Return each line of the data below verbatim; pictures are to be left out.

Given data -
________________

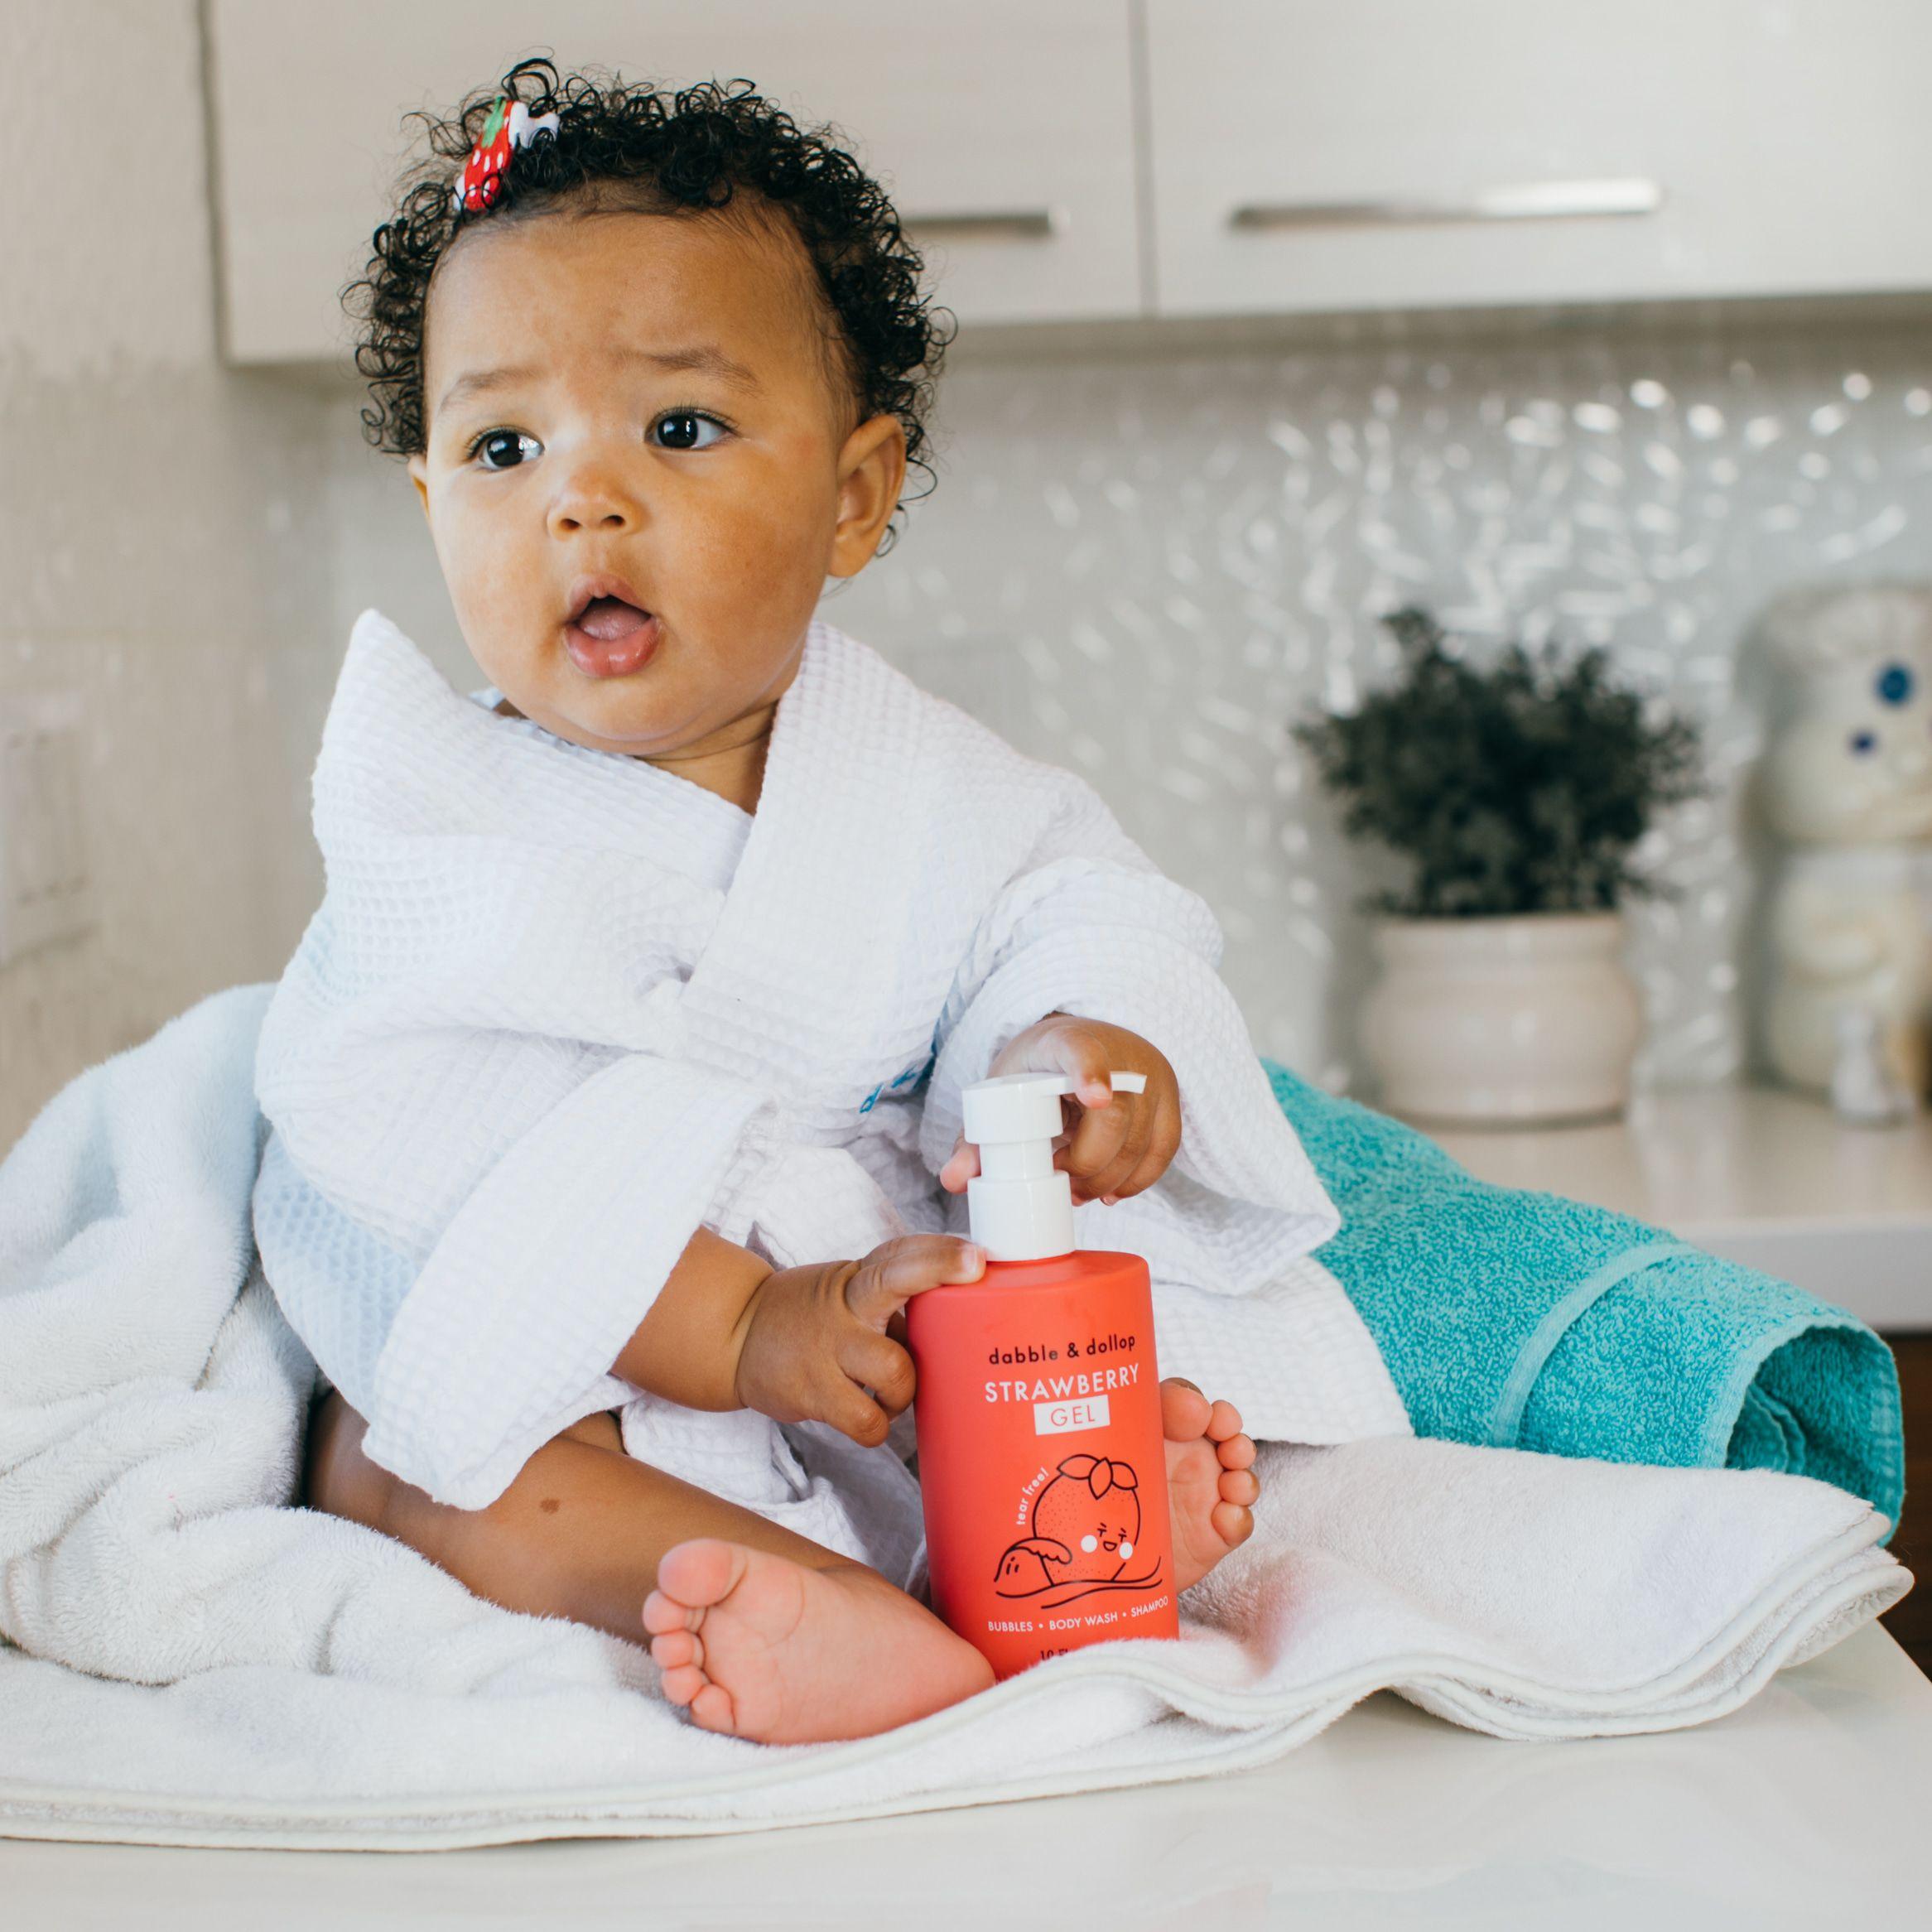 Toddler in white robe holding bottle of strawberry shampoo
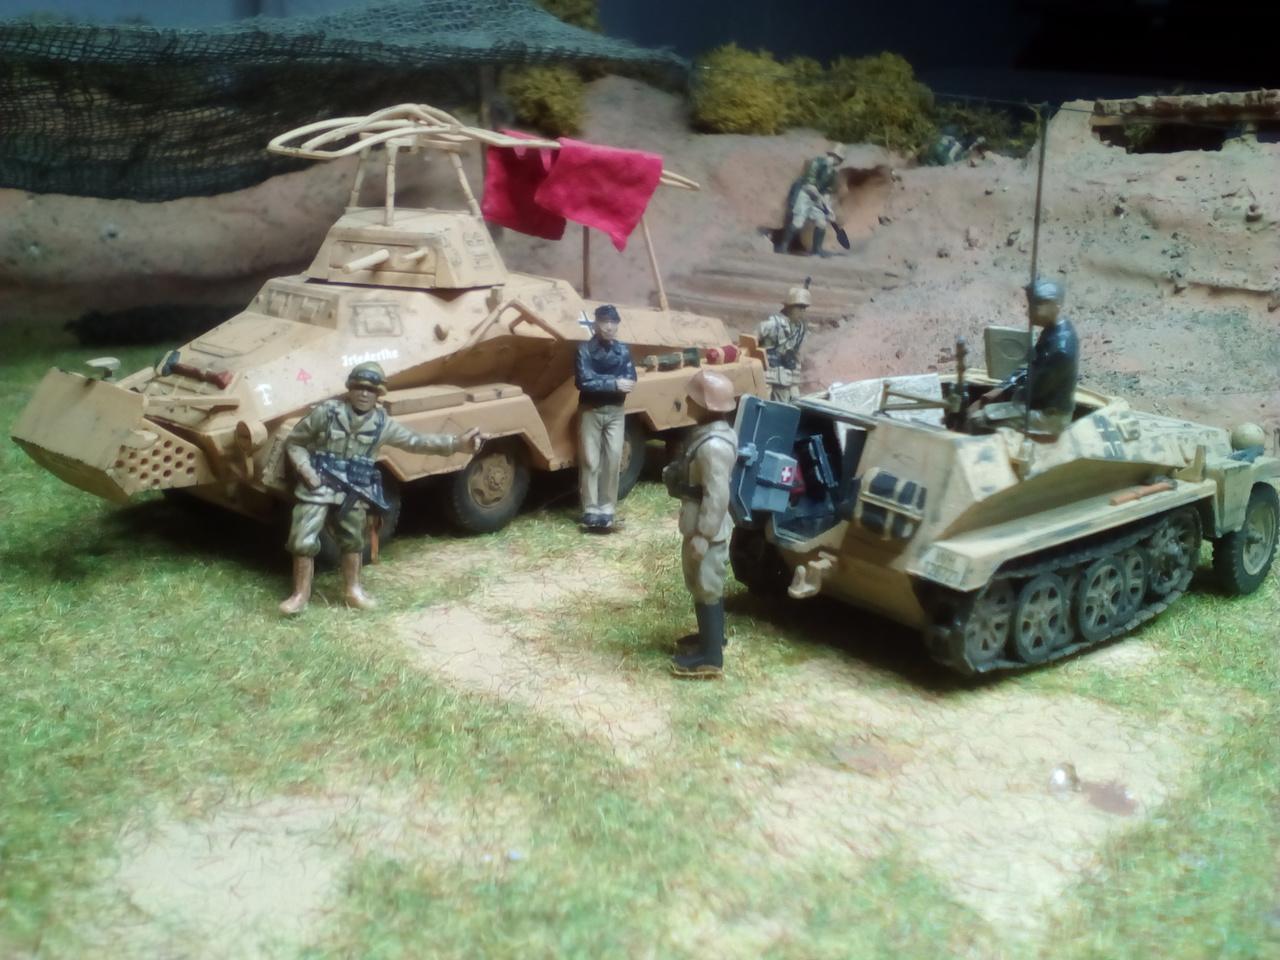 Armeeaufbau in gaaaaaaanz langsam.... - Seite 2 Img_20200329_19424143k6e
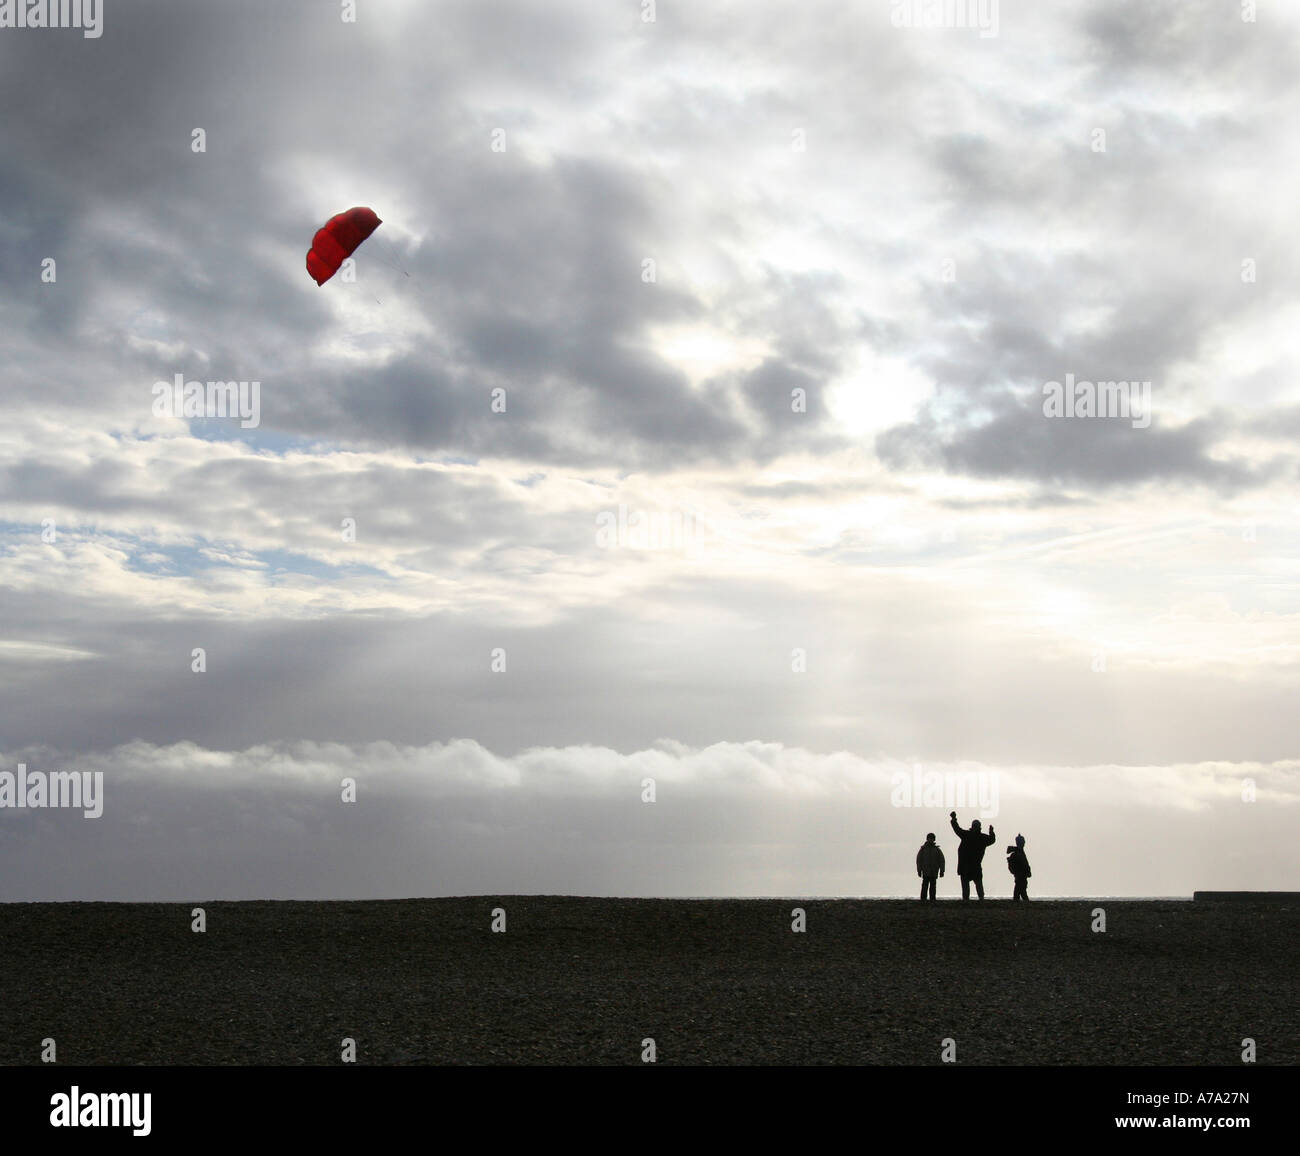 Kite flying on Brighton beach - Stock Image

________________

Response for this exercise -
 Toddler in white robe holding bottle of strawberry shampoo
 Armeeaufbau in gaaaaaaanz langsam.... - Seite 2 Img_20200329_19424143k6e
 Kite flying on Brighton beach - Stock Image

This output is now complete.